- EXERCISE DESCRIPTION -
Beginning with the line that contains "Mur dépeignant des", print each line to the end of the data exactly. Omit the pictures.

- DATA EXCERPT -
----------------------------------------

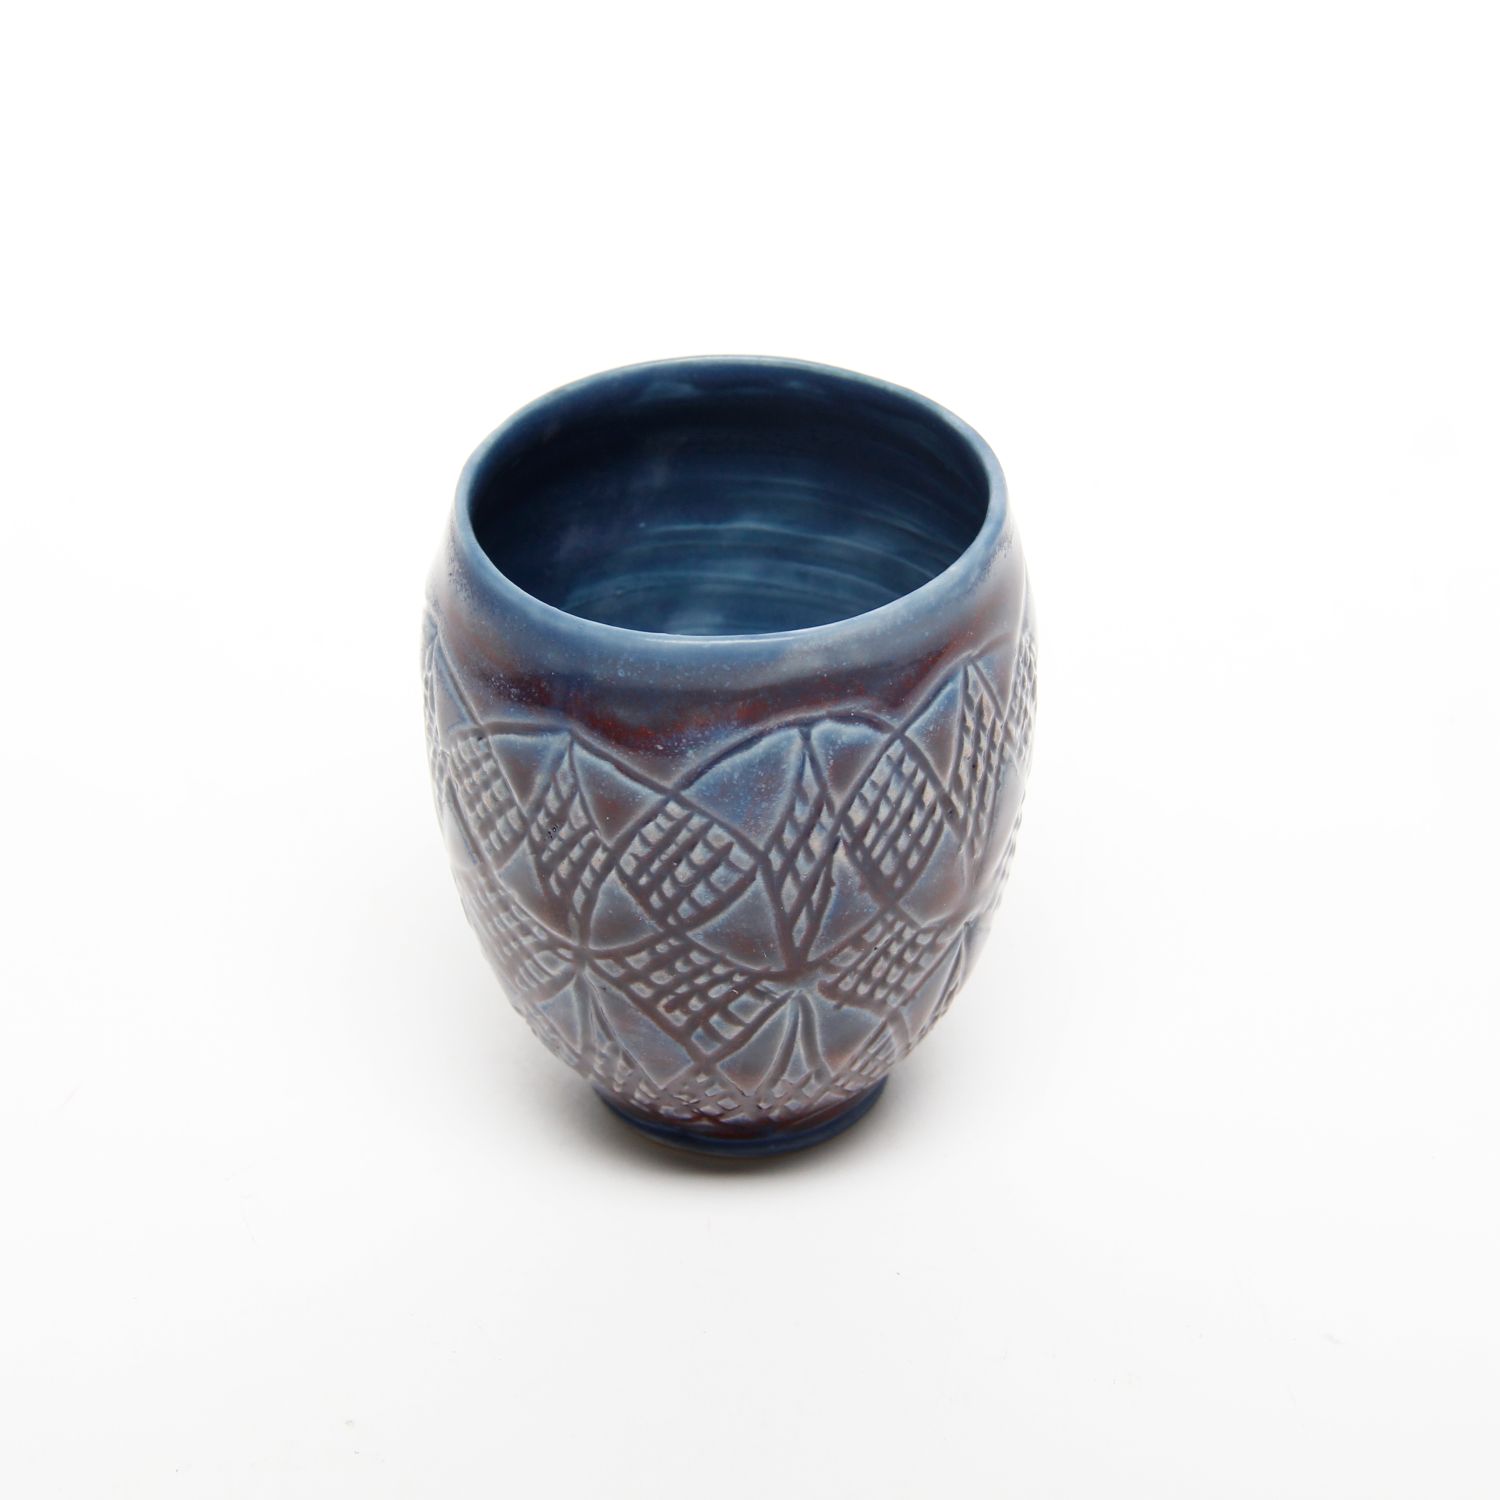 Arlene Kushnir: Purple-Blue Cup Product Image 3 of 3
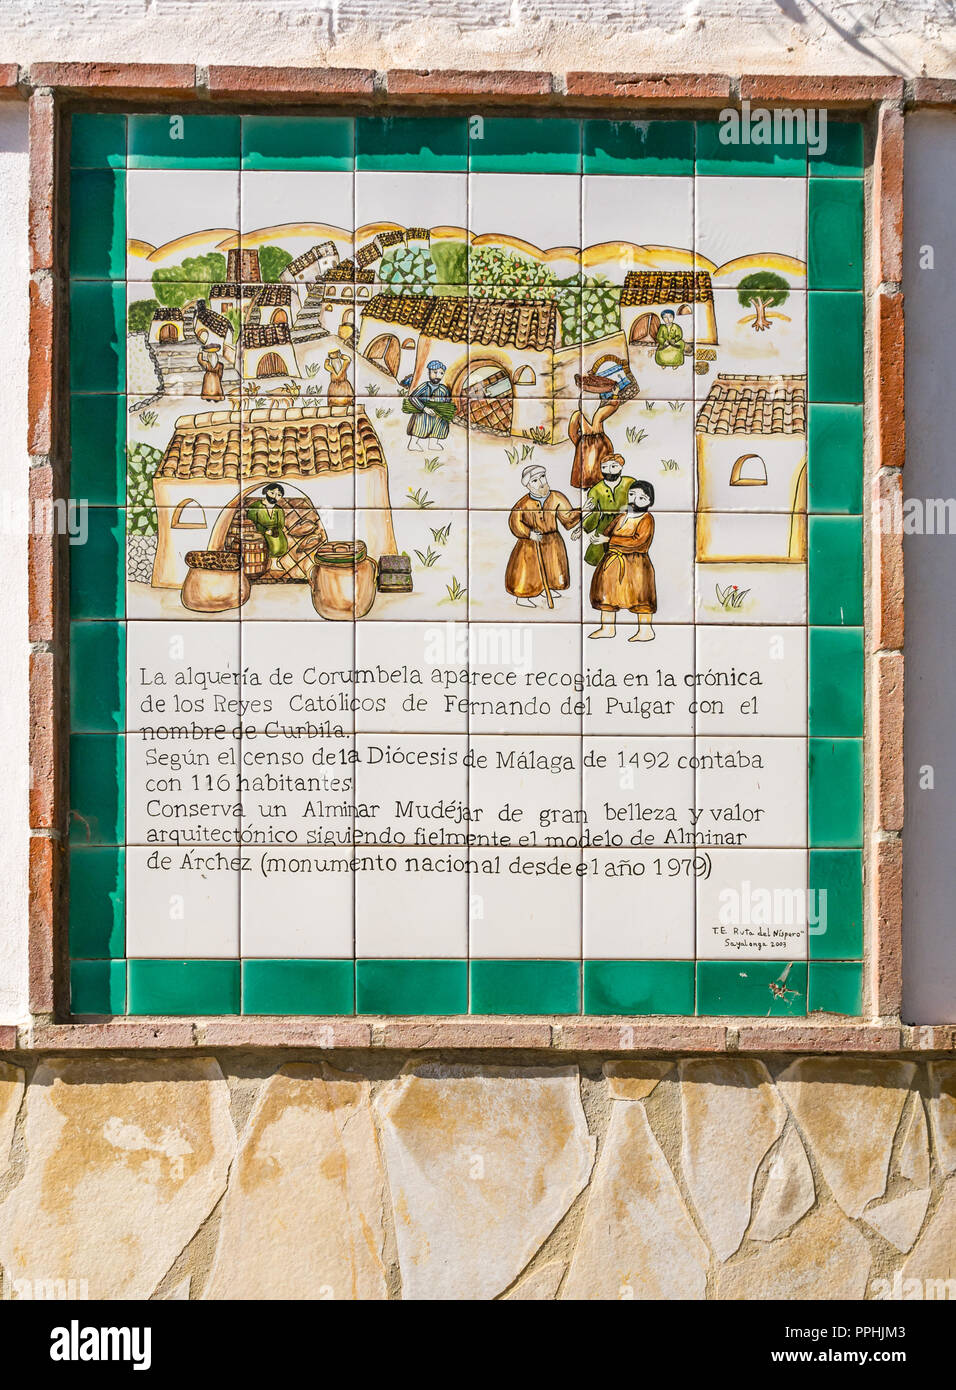 Mur dépeignant des scènes agricoles avec l'histoire locale, de l'information, Corumbela route mudéjar, Axarquía, Andalousie, Espagne Banque D'Images
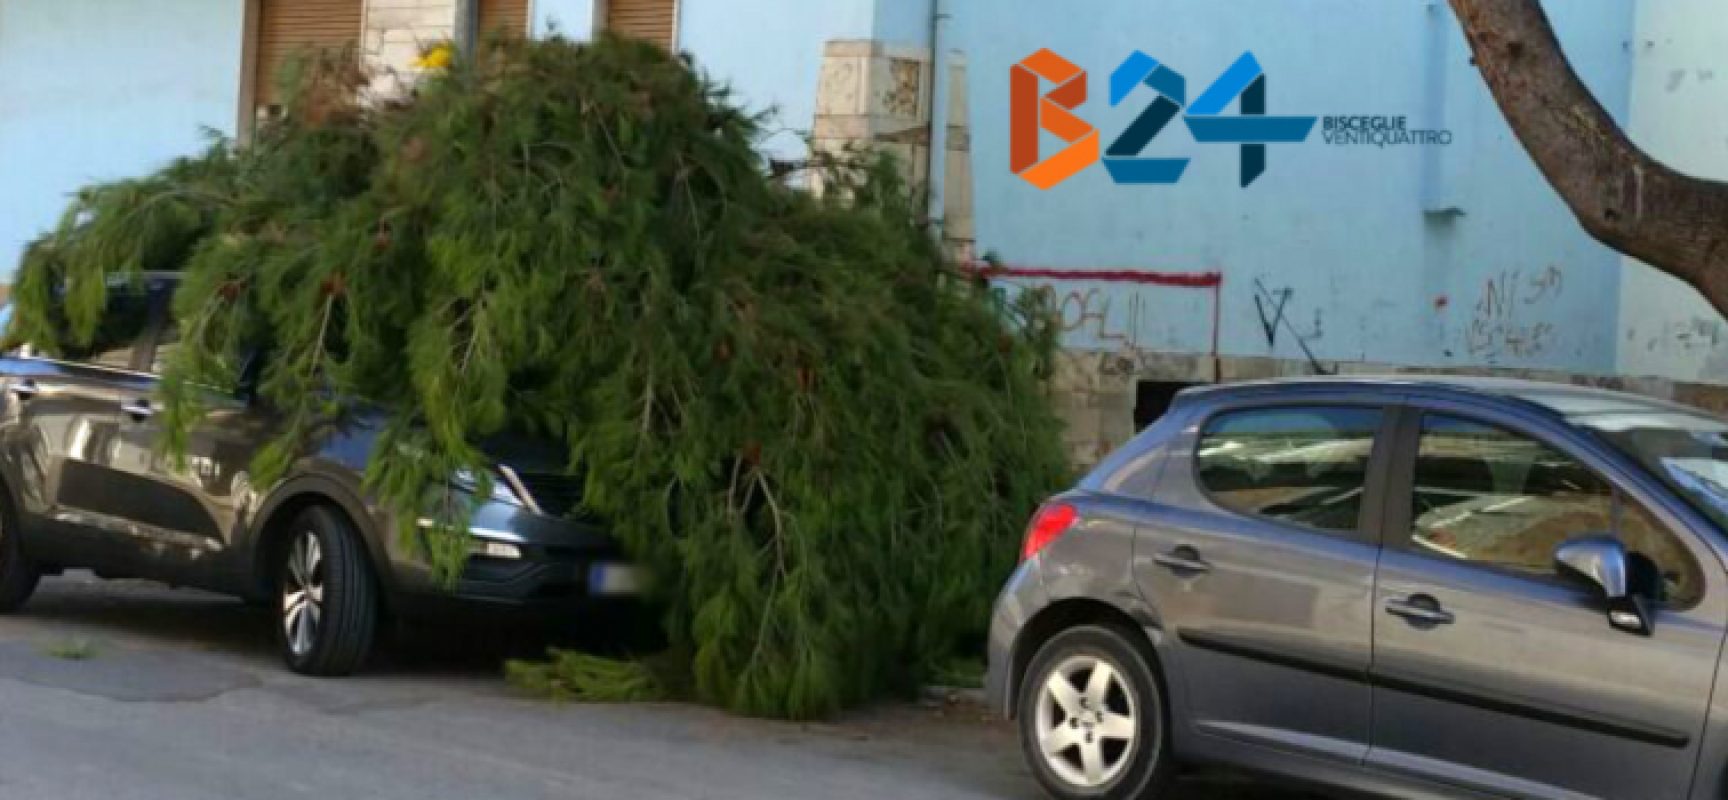 Grosso ramo di pino cade su autovettura in via Pascoli, nessun ferito / FOTO

----------------------------------------

- TASK RESPONSE -
 Mur dépeignant des scènes agricoles avec l'histoire locale, de l'information, Corumbela route mudéjar, Axarquía, Andalousie, Espagne Banque D'Images
 Grosso ramo di pino cade su autovettura in via Pascoli, nessun ferito / FOTO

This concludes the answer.